Empty Spaces

This blog is a continuation in a series I am writing about my husband’s brain injury.  If you wish to read the story in order, go back in my archives and find Begin at the Beginning…all the ones in the category brain injury tell my story. Some are longer than others…they come in chunks of time…sometimes quickly and others much slower.  Thanks for taking the time to read and being patient as I walk through the one of the toughest parts of my life again with new eyes to see how God used the broken pieces to create something beautiful.


I fled the elderly couple’s room and headed to the nurses’ station to see if Bill had been assigned a room yet.  I was ushered right across the hallway to a room with a big window in the door.  The room with the window-door was within the sight of the nurses so they could keep an eye on him.  It was a double but he didn’t have a roommate.  I thought at first it might work like the room on the surgical unit, where I could sleep in the second bed.  However, I soon found out that rehab is different than other units in the hospital.  Their visiting hours were 4:00 pm to 8:00 pm.  In order for the patient to have the required therapies, medical checks and such they did not allow family to come any other time than visiting hours.  It is designed to begin to help patients develop a daily routine and to try to increase their abilities so they can re-enter life.  At the same time, the family is weaned from the constant care by only coming a few hours a day.

I must say this part was one of the scariest things to me.  That surprises me now as I look back.  I mean, I was exhausted, burned out even.  I desperately needed a break.  You would think that this new schedule would be a welcome change in a positive direction. Instead I felt fear.  Leaving Bill alone when he was so needy seemed like abandonment.  I knew there would be medical personnel there but in my mind I thought it would be difficult for him because he did not know them.  What a scary thing to wake up, confused with unfamiliar faces all around you.  I didn’t want that for him.  However, I did not have a choice to come when I wanted to.  I had to abide by the rules.  I chose instead to focus on figuring out how to make some money.  I had worked a couple of days at a tea room in Roswell to help out my friends Rose and Mitchell.  When Bill had his accident they came to me and said they would hold a job for me whenever I needed it. Waiting tables wouldn’t bring much money, but the lunch-only hours were perfect for hospital visits in the evening.  I called them up and true to their word Mitch told me to come in the next day.

I prepared to leave the hospital in the evening and was stunned by Bill’s reaction to my imminent departure. I shouldn’t have been, but being caught off guard was a regular part of this new life I was living.  I guess all the change of the day was causing him some anxiety.  When I told him I was leaving he clung to my hand, and refused to let it go.  He begged me to stay which eventually resulted in his crying like a child afraid to leave its mother.  He would not let me go.  I could not break free.  He was afraid and this just confirmed my own fears that this new schedule would not be an easy adjustment for either of us.  I climbed in the bed next to him trying to calm him down.  I thought maybe if I could get him to sleep I could sneak out.  (A preview of many nights in my future as a mother of four small children.) Only my plan did not work, he would not rest.  Finally, a nurse had to come and distract him so that I could leave.  I left the room hearing him call my name all the way down the hallway. “Shell, don’t leave me!”  I do not have to tell you the tears I shed.  All the way home…to our empty house.

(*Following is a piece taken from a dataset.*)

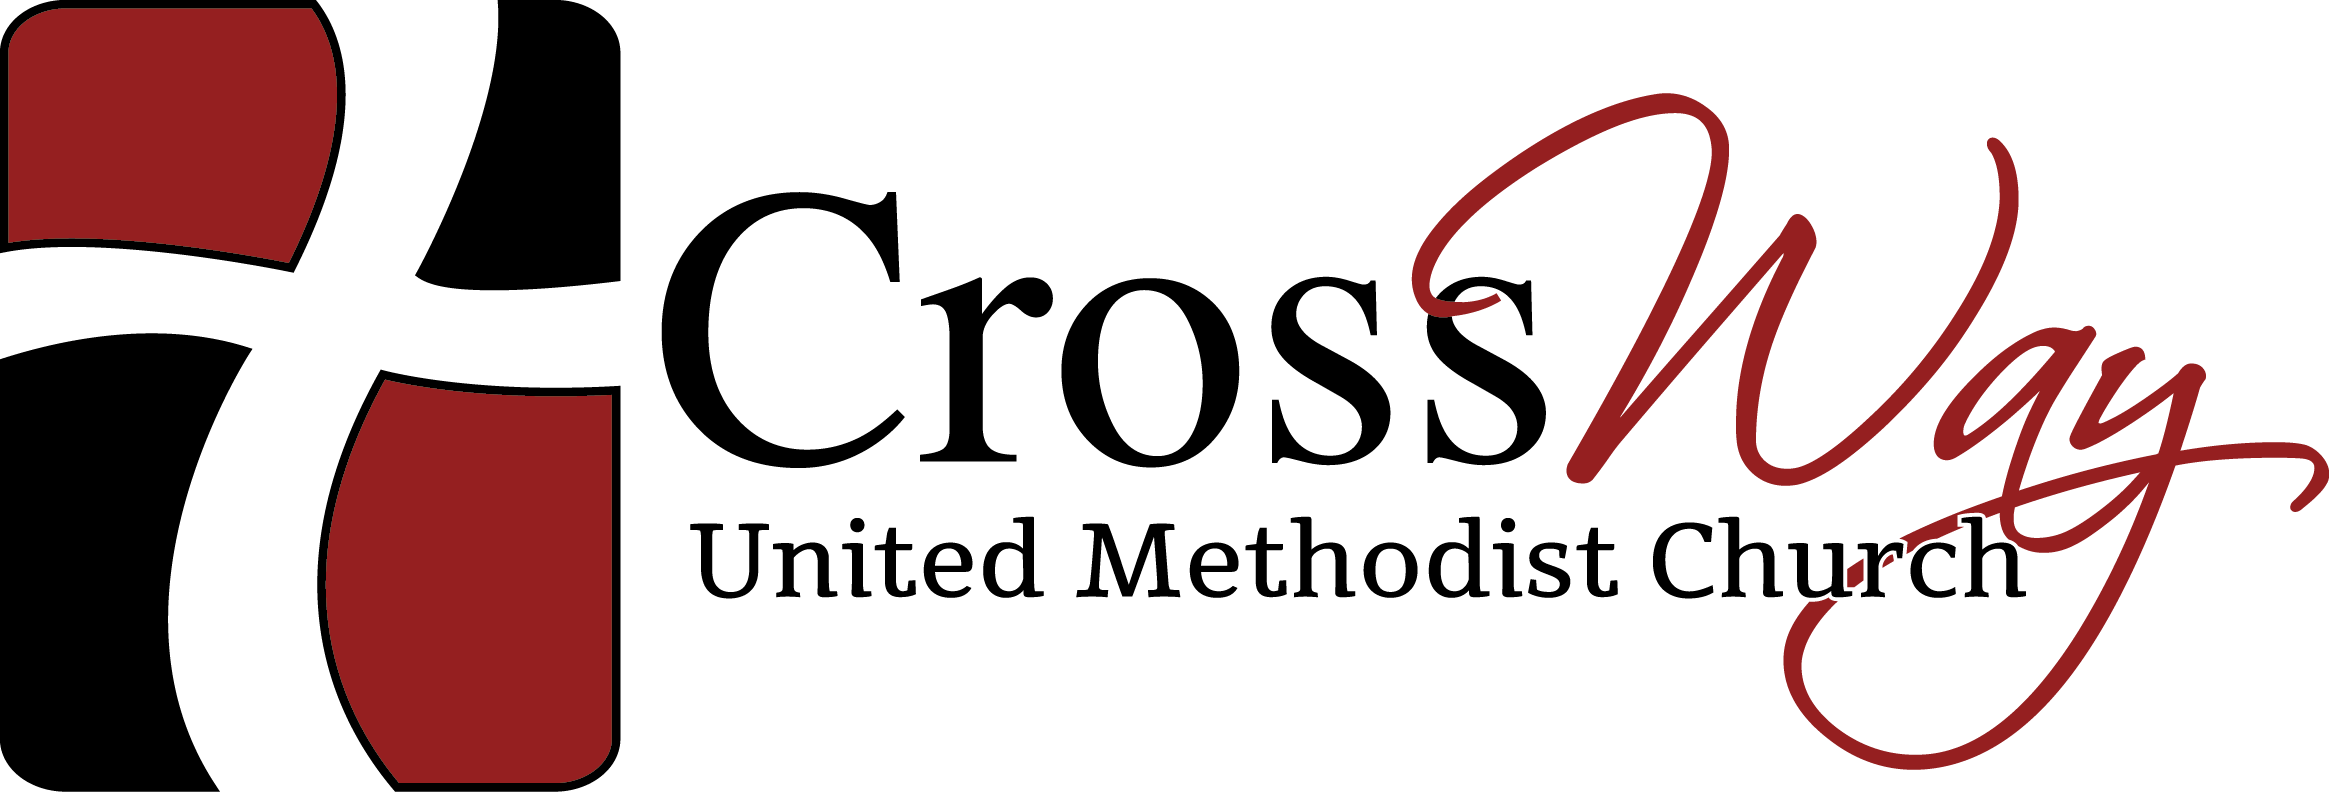 Crossway Logo - Cross Way UMC Methodist Church, 380 Corridor

It was dark when I arrived home for the first time since that day.  Pulling in the garage the first thing I noticed was the empty spot where the van was supposed to be.  Only it was not.  My hands were trembling when I opened the kitchen door, but not from fear.  I felt utterly alone as I turned on the lights.  The happy kitchen, which we recently wallpapered, greeted me.  Everything was the way I had left it the day of the accident.  Now I was home and I felt a sense of relief even as I silently took in my surroundings.  My tutoring stuff still sat on the kitchen table.  There was a glass of water on the counter, ice long since melted.  The mail was on the chest behind the sofa, stacked neatly by someone trying to be helpful.  There was a chill in the air, though I am not sure if it was the temperature or the empty, quiet space that caused it.  I rubbed my arms in an effort to warm myself. I was unsuccessful so I turned the heat up.  Climbing the stairs my feet slowed near the top.  The stopped all together at the bedroom doorway.  Bill’s shoes on the floor on his side of the bed.  His jacket draped hanging on the bedpost.  A book of some kind on the bedside table.  The space was full of him, yet it was silent. I readied myself for bed, trying to ignore the knot in my stomach and the tightness in my throat.  I stood beside his sink taking out a bottle of his cologne and breathed his scent into me.  I put some on my wrists and neck so I could smell him through the night.  The answering machine flickered about a million messages.  I didn’t have the heart to listen.  Not on this night.  This night I was acutely aware of the empty spaces, most noticeably the spot in the bed next to me.